By Alvin Powell, Harvard Staff Writer
Sixth in an occasional series by the Gazette on how Harvard researchers are tackling the problematic issues of aging.
What if the bad-boy protein of Alzheimer’s disease—amyloid beta—isn’t so bad after all?
Harvard researchers found themselves asking that question several years ago after noticing remarkable similarities between amyloid beta, thought to be a major player in the disease’s progression, and proteins active in the body’s immune system.
That discovery has blossomed into a new avenue of investigation against the nation’s leading cause of dementia, sixth-deadliest illness, and—according to a 2011 survey—the runner-up to cancer in health fears among the public.
Led by Robert Moir, an assistant professor in neurology at Harvard Medical School (HMS) and Massachusetts General Hospital (MGH), and Rudolph Tanzi, Joseph P. and Rose F. Kennedy Professor of Child Neurology and Mental Retardation at HMS and MGH, the work is focused on whether the development of amyloid beta plaques in the brain—a hallmark of Alzheimer’s disease and the target of several recent drug candidates—might in many cases be a response to infection.
Proven correct, the explanation would fill a significant blank in our framework for the causes of Alzheimer’s disease, create a new understanding of amyloid beta’s role in the body, and possibly open new fronts for treating or preventing the condition by attacking infection before plaques begin to form.
It also has the potential to lump Alzheimer’s with diabetes and other autoimmune diseases in which a revved-up immune system goes too far and turns on the body. Scientists have already noted enough similarities between Alzheimer’s and diabetes that some have wondered whether Alzheimer’s should be thought of as “type 3 diabetes.”
Though knowledge about Alzheimer’s has advanced in recent decades, its causes are only partially understood. In the late 1980s and early 1990s, Tanzi played a role in discovering a trio of genes that cause early onset Alzheimer’s, which runs in a small number of families and can strike before age 50. That condition, also called familial Alzheimer’s, accounts for only about 5 percent of cases.

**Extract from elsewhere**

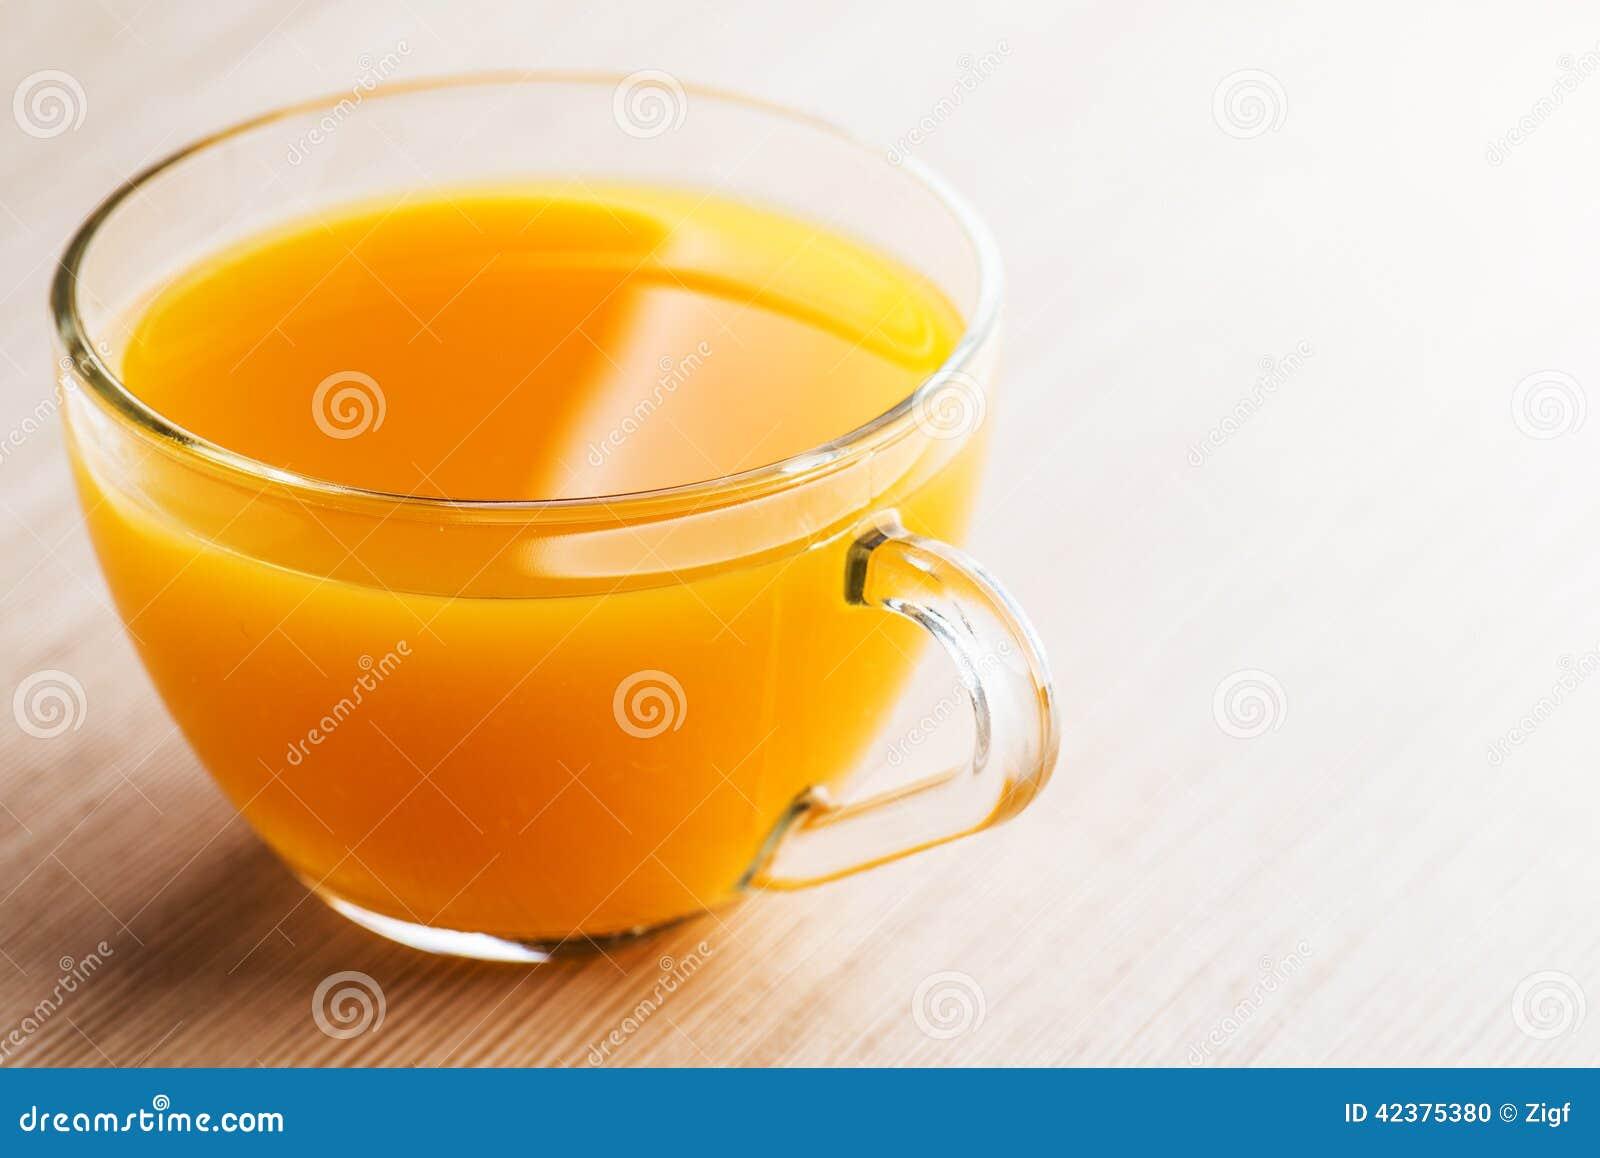 Jugo amarillo naranja foto de archivo imagen de travieso - Amarillo naranja ...

The remaining cases, called sporadic Alzheimer’s, typically occur later in life, in a person’s mid-60s or beyond. Advancing age is the biggest risk factor—scientists don’t know exactly why—and genetics also plays a role, though less so than in early onset Alzheimer’s.
A variant of the gene APOE, or alipoprotein E, has been identified as a risk factor in sporadic Alzheimer’s. But having the variant doesn’t make the disease inevitable, and not having it doesn’t rule it out. Which has left scientists wondering what other non-genetic factors are at play.
A significant roadblock to discovery has been a lack of clarity on the role of amyloid beta in the body. The Alzheimer’s community has largely viewed it as an aberrant byproduct that serves no useful purpose in the brain—“metabolic garbage,” as Tanzi once put it.
That view has persisted even as understanding of other aspects of Alzheimer’s has advanced. The prevailing hypothesis today is that amyloid beta aggregates to form plaques in the brain. Those plaques then cause the development of tangles made up of the protein tau within nerve cells. This triggers inflammation—a natural immune response that in this case compounds the damage. Connections between nerve cells are severed and the cells die. Cognitive ability inexorably declines, producing the disease’s most feared outcome.
The idea that Alzheimer’s disease might be caused by infection isn’t new, Moir noted. In fact, in the 1970s and 1980s, some scientists considered it the strongest hypothesis. That changed in 1984 with the discovery of amyloid beta, which came to dominate subsequent research.
Though support for what came to be called the “pathogen hypothesis” has endured, Tanzi, director of MGH’s Genetics and Aging Research Unit, said that the disease outline he and Moir are developing differs in important ways. While the pathogen hypothesis is most often offered as an alternative to the amyloid beta hypothesis, Moir and Tanzi’s model is not an alternative, but rather fits within the amyloid beta-tau-inflammation paradigm. It fills in blanks, offering an explanation for how the process starts and for the true nature of amyloid beta.
Circumstantial evidence for the importance of amyloid beta is significant, Moir said. It appears to have developed some 400 million years ago and has not only survived evolutionary pressures to appear in humans today, but is present in 60 percent of vertebrates, including fish, reptiles, and birds.
Further, when Moir started to look more closely at the protein, he noticed similarities to key infection-fighting proteins called antimicrobial peptides in the innate immune system—the body’s first and most ancient line of defense.
“It tells you, first, it’s doing something important,” Moir said. “When we started to look at amyloid beta we realized this thing looked similar to antimicrobial peptides.”